Network Architecture and Loss. We use a Siamese CNN architecture [3] with two Alexnet branches to learn pose-invariant descriptors. The Siamese architecture equipped with a Contrastive Loss function is known to be especially suitable for distance metric learning from examples [3]. We compare the outputs of several bottom layers and obtain the best performance from the fc6 layer which we then use for joint descriptor calculations. To evaluate the quality and amount of our synthetic depth data, we train the network from scratch using stochastic gradient descent with 100, 000 iterations.

3.3 Intensity Descriptor

We employ a pre-trained CNN for descriptor extraction on intensity images, trained for semantic place categorization [25]. In particular, we use an AlexNet CNN trained on 205 scene categories of Places Database (2.5 million images) [25]. We also compare the Caffenet implementation [11]; however, we find PlacesNet layer fc6 to be superior (see Supp. Material), echoing conclusion of [20].

3.4 Learning a Joint Descriptor

Given two RGB-D frames, our goal is to estimate their distance. Because the distances between only the depth or only the intensity parts may be unreliable, we combine the distances from both modalities using a robust joint model, which we describe below. Given a pair of frames \(F_p\) and \(F_q\), we start by extracting depth and intensity descriptors, \((d_{p},i_{p})\) and \((d_q,i_q)\), respectively. We then use a small set of aligned RGB-D frames to estimate the joint parameters of the model. In particular, let \(D = ||d_p-d_q||\) and \(I = ||i_p-i_q||\) be distances in the depth and intensity descriptor spaces, respectively. Our goal is to estimate overlap O as a function of D and I. We consider two models where O is either a linear or polynomial function of D and I, that is, \(O \sim \mathrm {D}+\mathrm {I}\) (1) and \(O \sim \mathrm {D}+\mathrm {I}+ \mathrm {D}\times \mathrm {I}\) (2). Both models are highly sensitive to atypical observations and outliers. To reduce outlier impact, we use a robust MM-type estimator, which is known to deliver highly robust and efficient estimates, to obtain model parameters [12, 15, 24]. Given aligned data from any trajectory (we used ICL Living Room Sequence 3), we estimate coefficients of (2) using 100 bootstrap iterations (i.e. sampling with replacement). In each polynomial model, we balance the number of overlapping and non-overlapping pairs. We describe the statistical properties of these models and their evaluation on a place recognition task in the next section.

4 Evaluation

Model Assessment. Our analysis indicates that both linear terms (Depth and Intensity) and the crossterm (\(\mathrm {D}\times \mathrm {I}\)) are highly statistically significant), and thus all three terms contain meaningful addition in explaining variation of O. The relationship follows our hypothesis that overlap decreases with increasing distances between the intensity or between depth images (we provide values of the coefficients and standard deviations in Suppl. Material). In addition, we compare the mean adjusted \(R^2\) values from models \(O\sim D\) (density only), \(O\sim I\) (intensity only), \(O\sim I+D\times I\) (intensity and depth, non-robust), and \(O\sim I+D\times I\) (intensity and depth, robust), which result in the adjusted \(R^2\) values of 0.30, 0.68, 0.69, and 0.70, respectively. These findings indicate importance of each component to explain variability of our system and superiority of the polynomial model \(O\sim I+D\times I\). Additionally, the mean coefficients from the robust model perform well across all test datasets, while the mean coefficients from the non-robust model perform substantially worse (see Supp. Material). These findings indicate sensitivity of a conventional estimators to outliers and importance of using a more robust MM-estimator.

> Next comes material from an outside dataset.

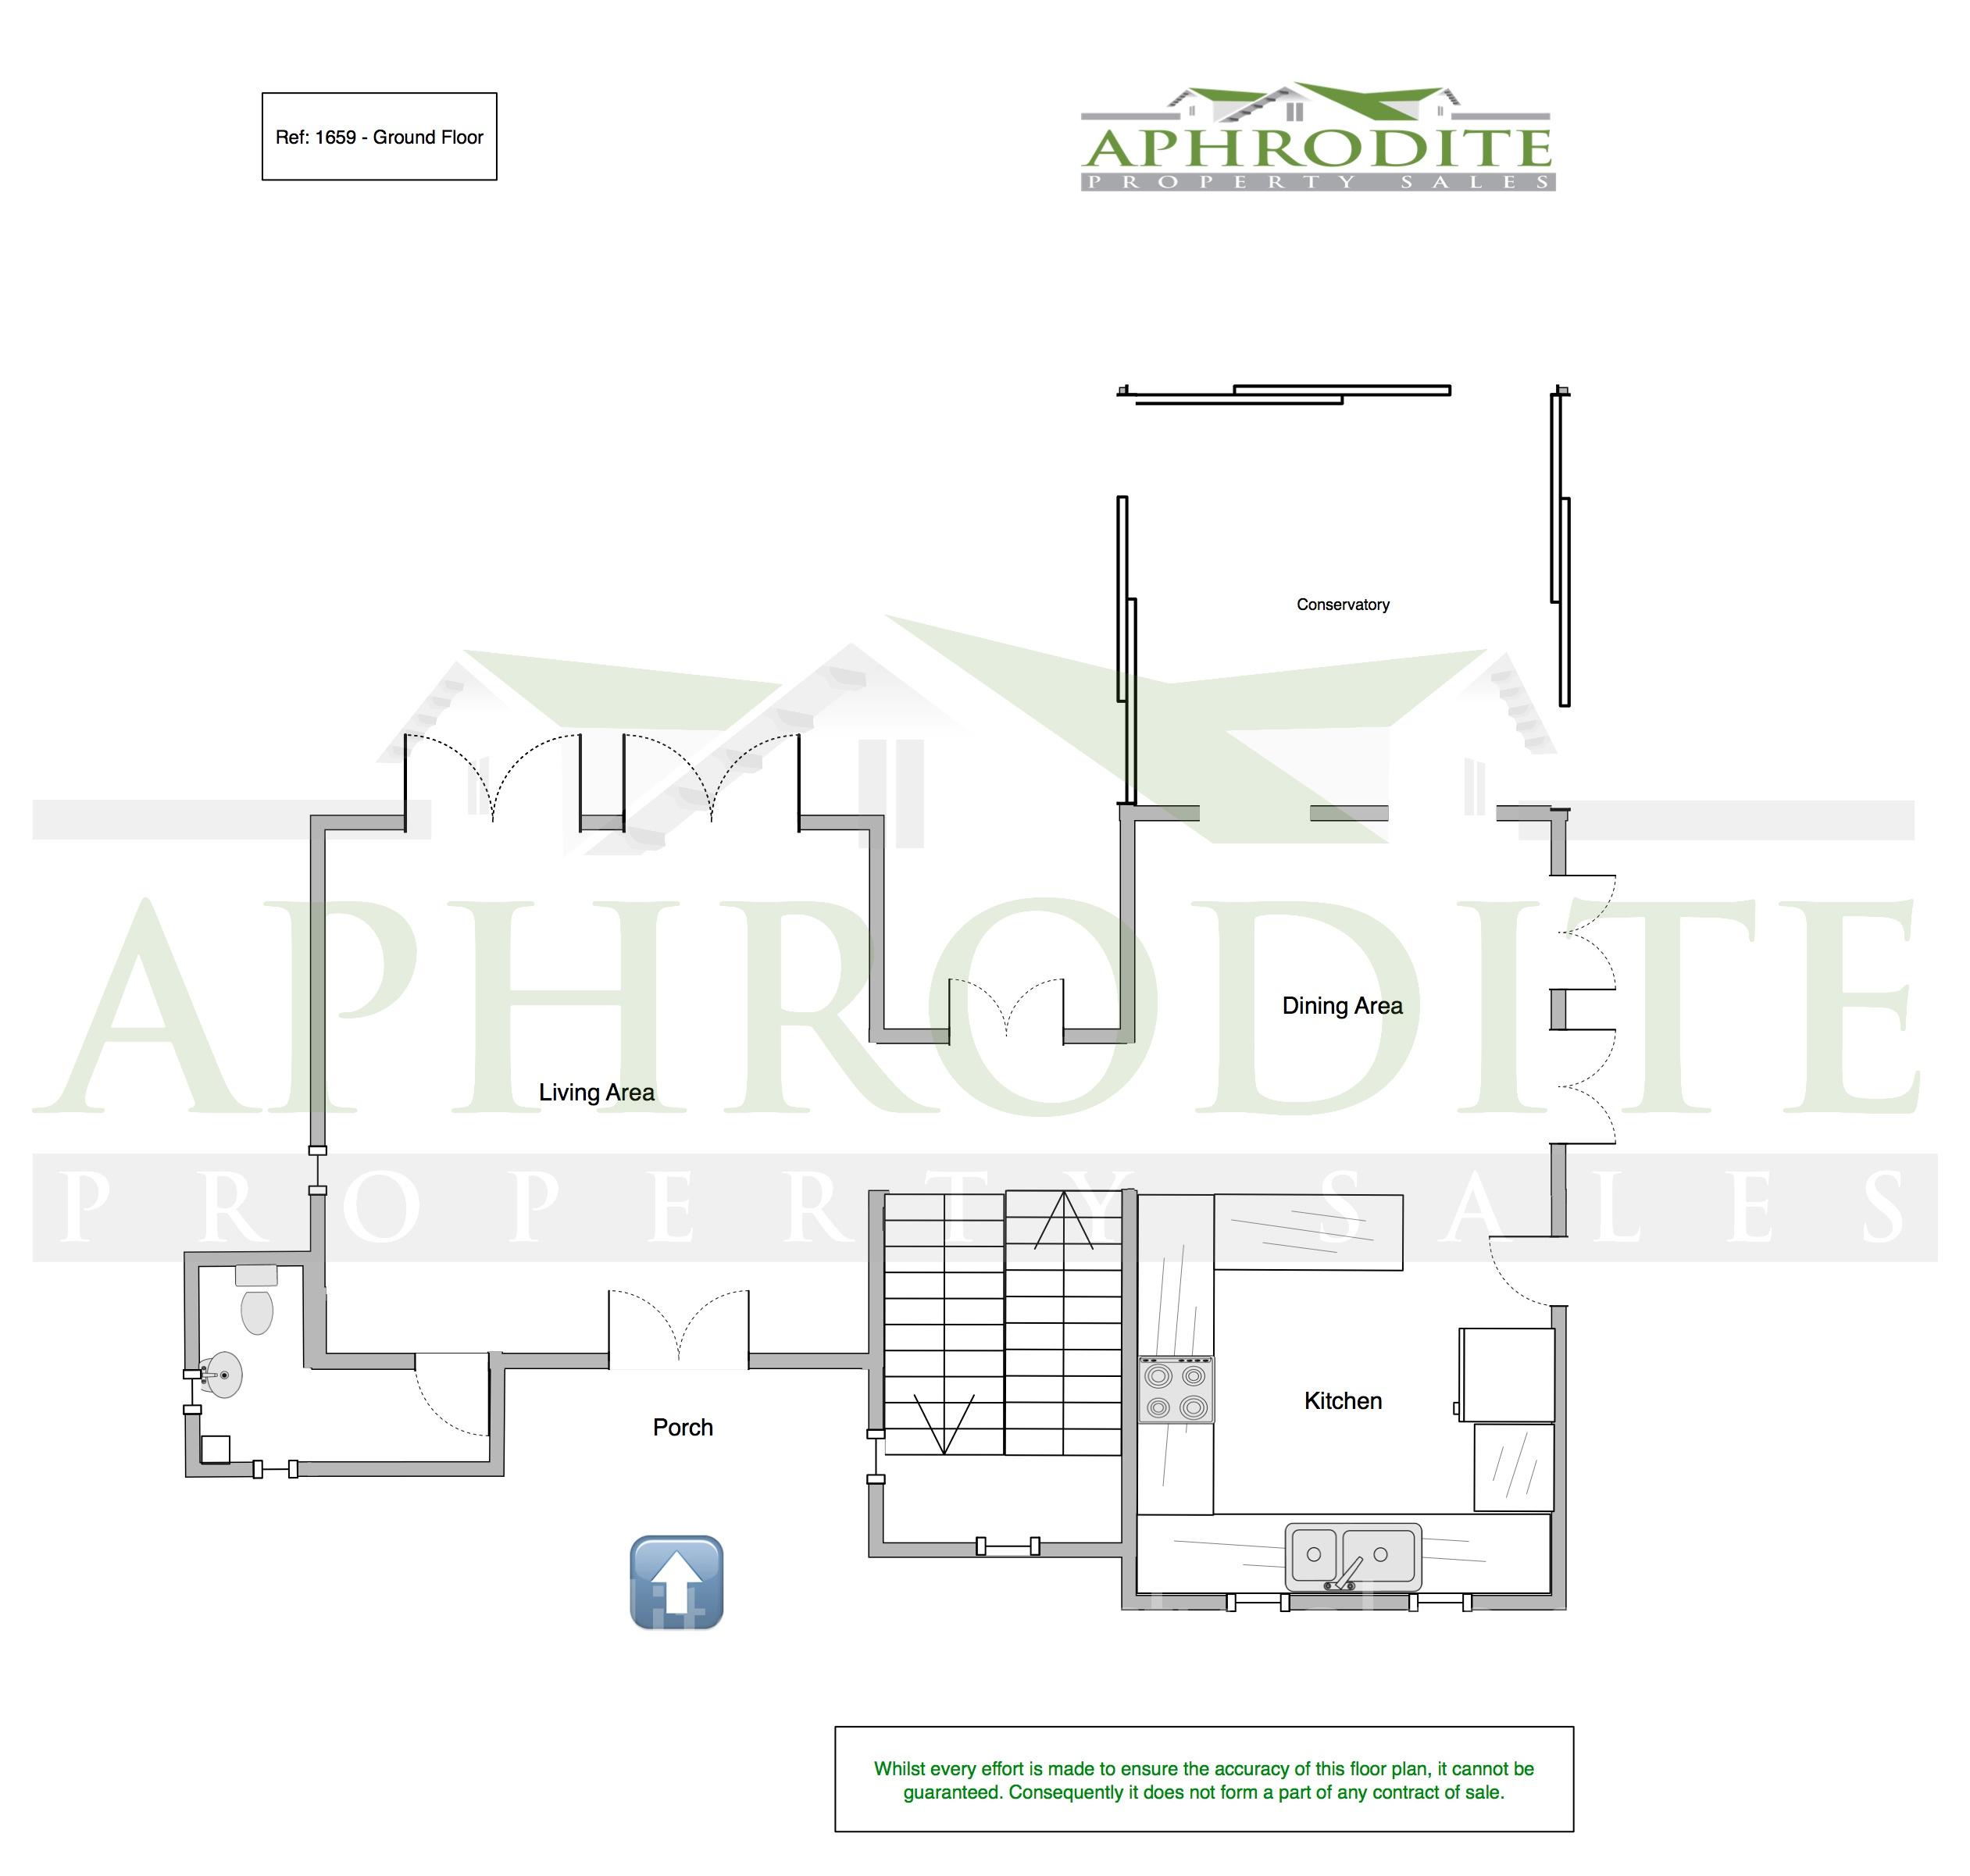 1659 - 3 Bedroom Villa - Aphrodite Hills floorplan

Place Recognition Results. The goal of our work is to provide a robust view-invariant RGB-D place recognition descriptor, and we evaluate of our method on trajectories from three publicly available benchmark datasets, namely, ICL-NUIM [7], TUM RGB-D [19], and Sun3D [23]. All datasets are pre-processed in the same way as the training dataset to obtain 3D overlap pairs (subsampled to every 10th frame and depth converted to HHA encoding). The ability of descriptors to recognize the same location can be evaluated by F-scores. We calculate the precision and recall at equally spaced thresholds between the smallest and the largest descriptor distances of all pairs of scans, for each combination of method and dataset (so that predicted positives are pairs whose descriptor distances are below this threshold, selected among all non-consecutive scan pairs). In each dataset, the true positive pairs are those pairs of frames which have a small overlap in 3D space (less than 30 %, the threshold used in geometric alignment algorithms [2]). The F-scores are calculated from precision and recall for all thresholds and for all methods, and the top score is selected for each method.

Fig. 2.
figure 2

Best F-scores obtained by each model (under its optimal parameters).

Figure 2 shows the top F-scores of each method in each dataset. The joint object detection method of [5] consistently ranks lower than both Placesnet [25] and DepthAlexnet (synthetic data only), which is expected without additional fine-tuning. DepthAlexnet outperforms Placenet [25] in 4/20 cases, and the joint model outperforms Placesnet [25] in 12 / 20 cases, and performs comparably well in others. Interestingly, DepthAlexnet outperforms method of [5] in many cases, suggesting that depth can be a good predictor on its own when sufficient synthetic data is available for training.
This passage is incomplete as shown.